Without the images, repeat every line of the listing exactly.

Information supplied:
───
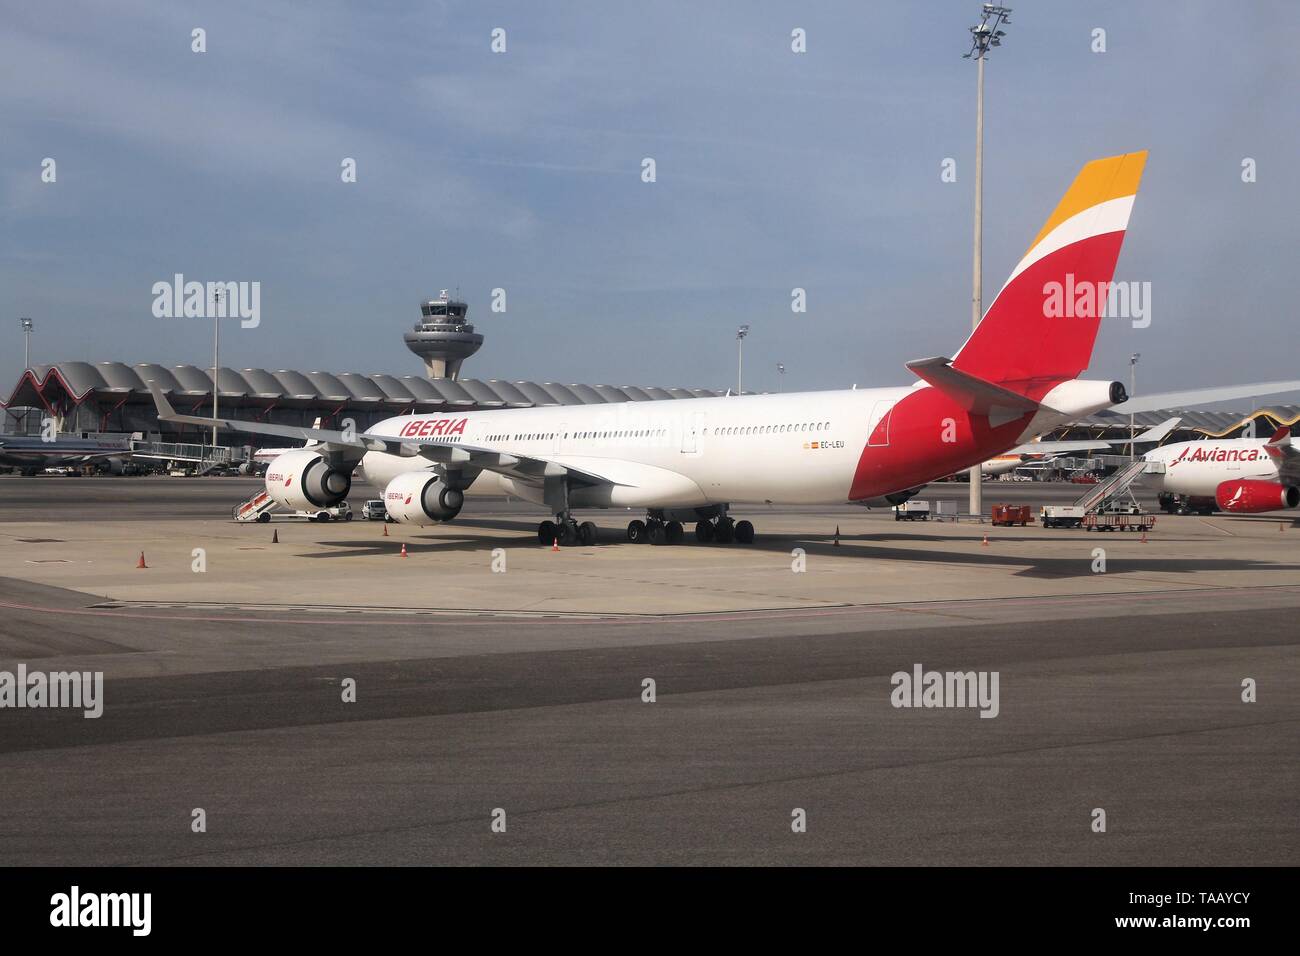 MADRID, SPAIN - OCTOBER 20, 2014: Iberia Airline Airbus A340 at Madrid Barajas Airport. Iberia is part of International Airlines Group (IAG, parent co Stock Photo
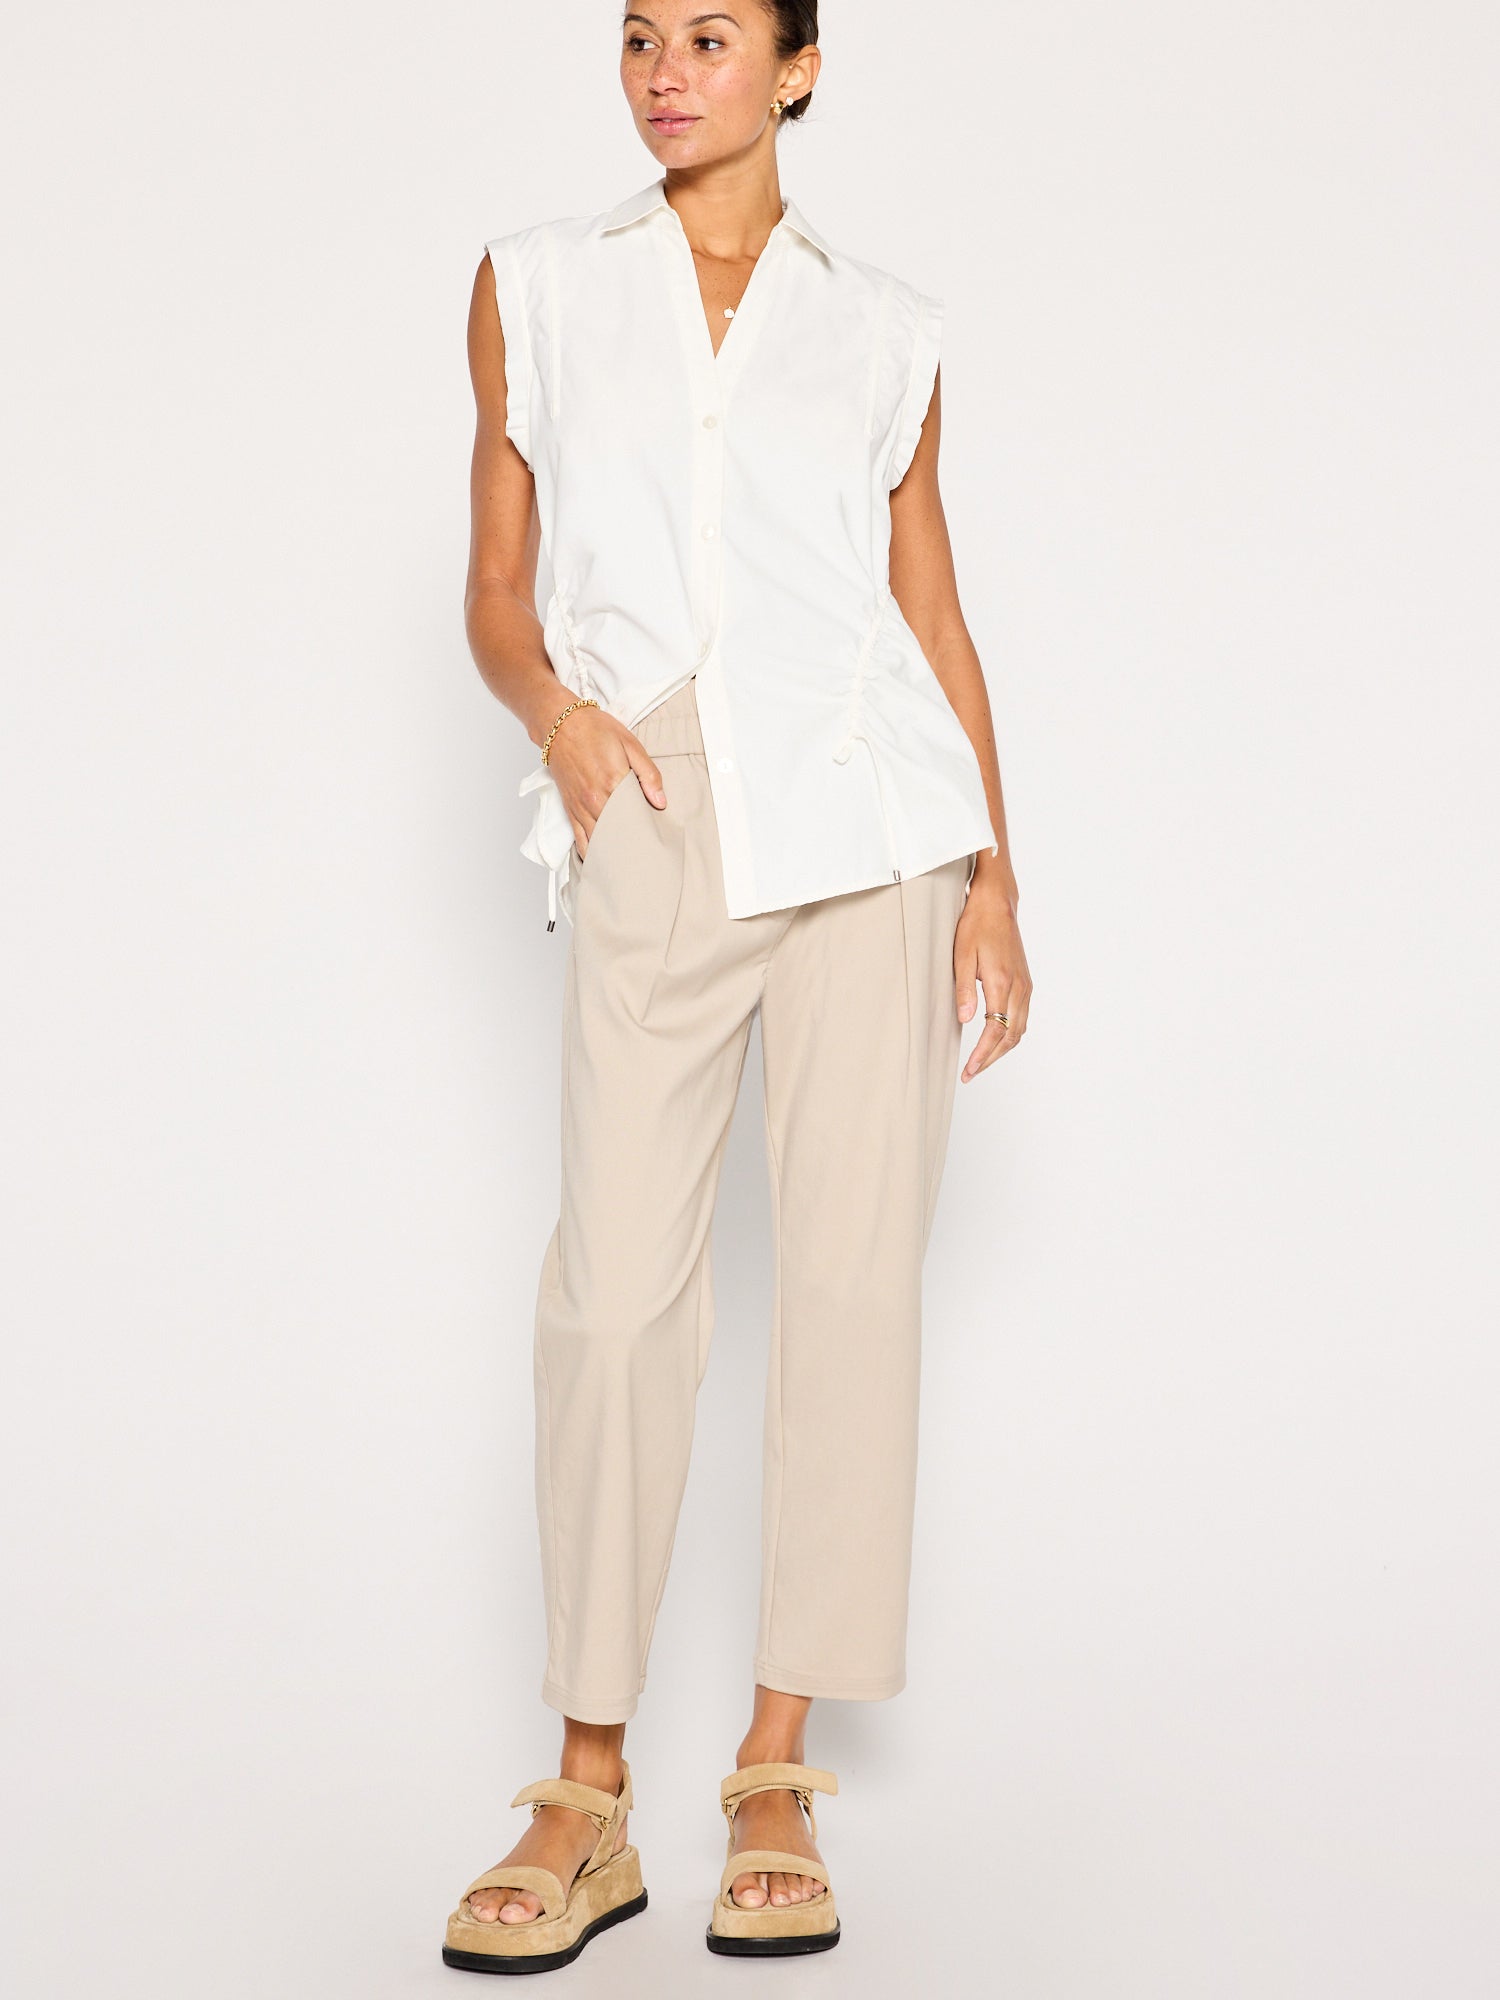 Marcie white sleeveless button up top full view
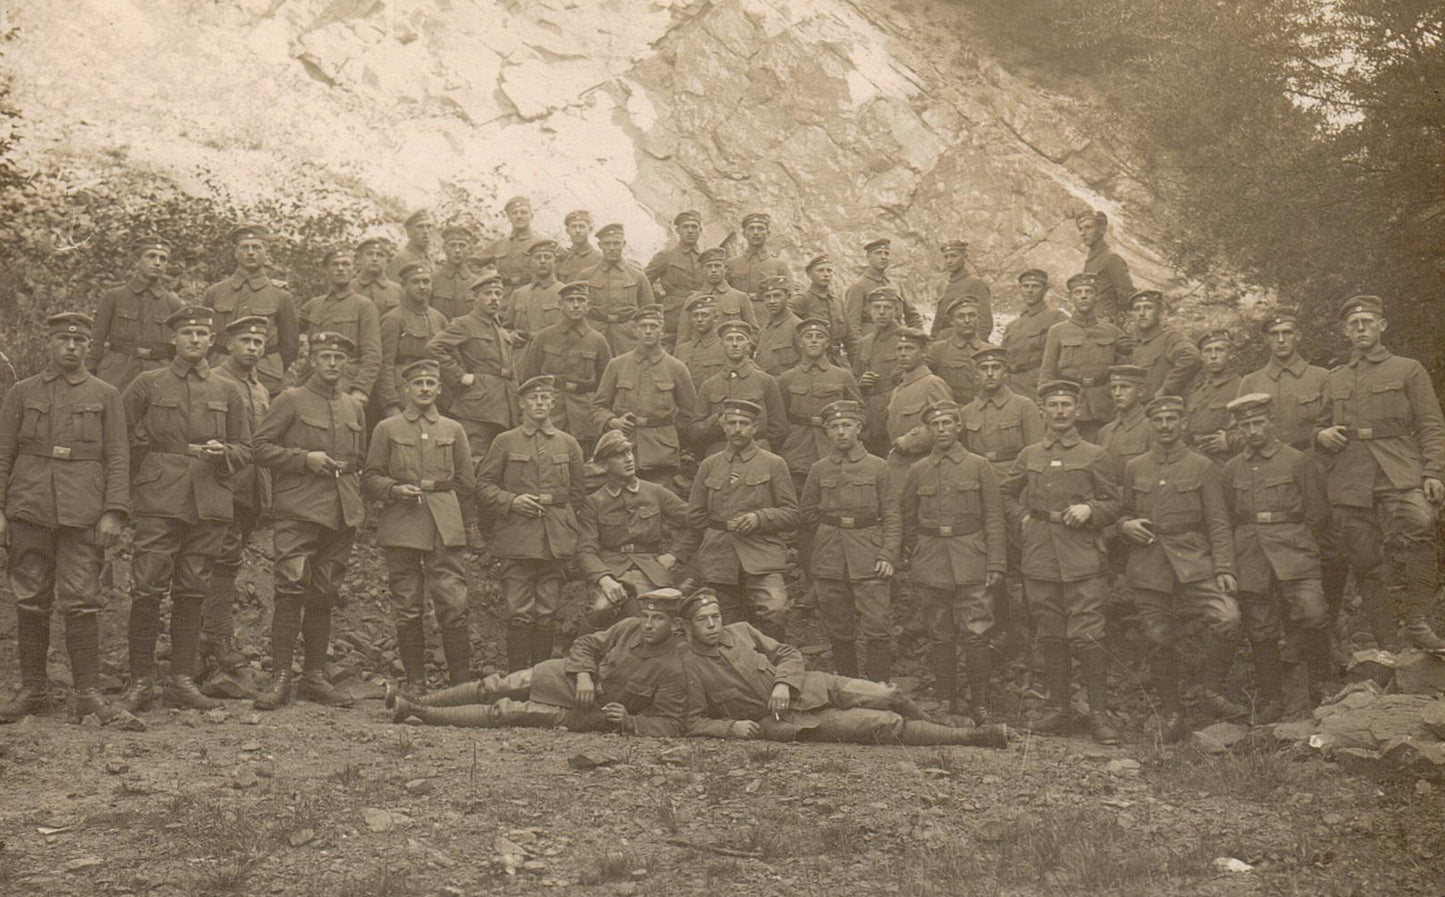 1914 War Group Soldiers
───
Task result:
 MADRID, SPAIN - OCTOBER 20, 2014: Iberia Airline Airbus A340 at Madrid Barajas Airport. Iberia is part of International Airlines Group (IAG, parent co Stock Photo
 Marcie white sleeveless button up top full view
 1914 War Group Soldiers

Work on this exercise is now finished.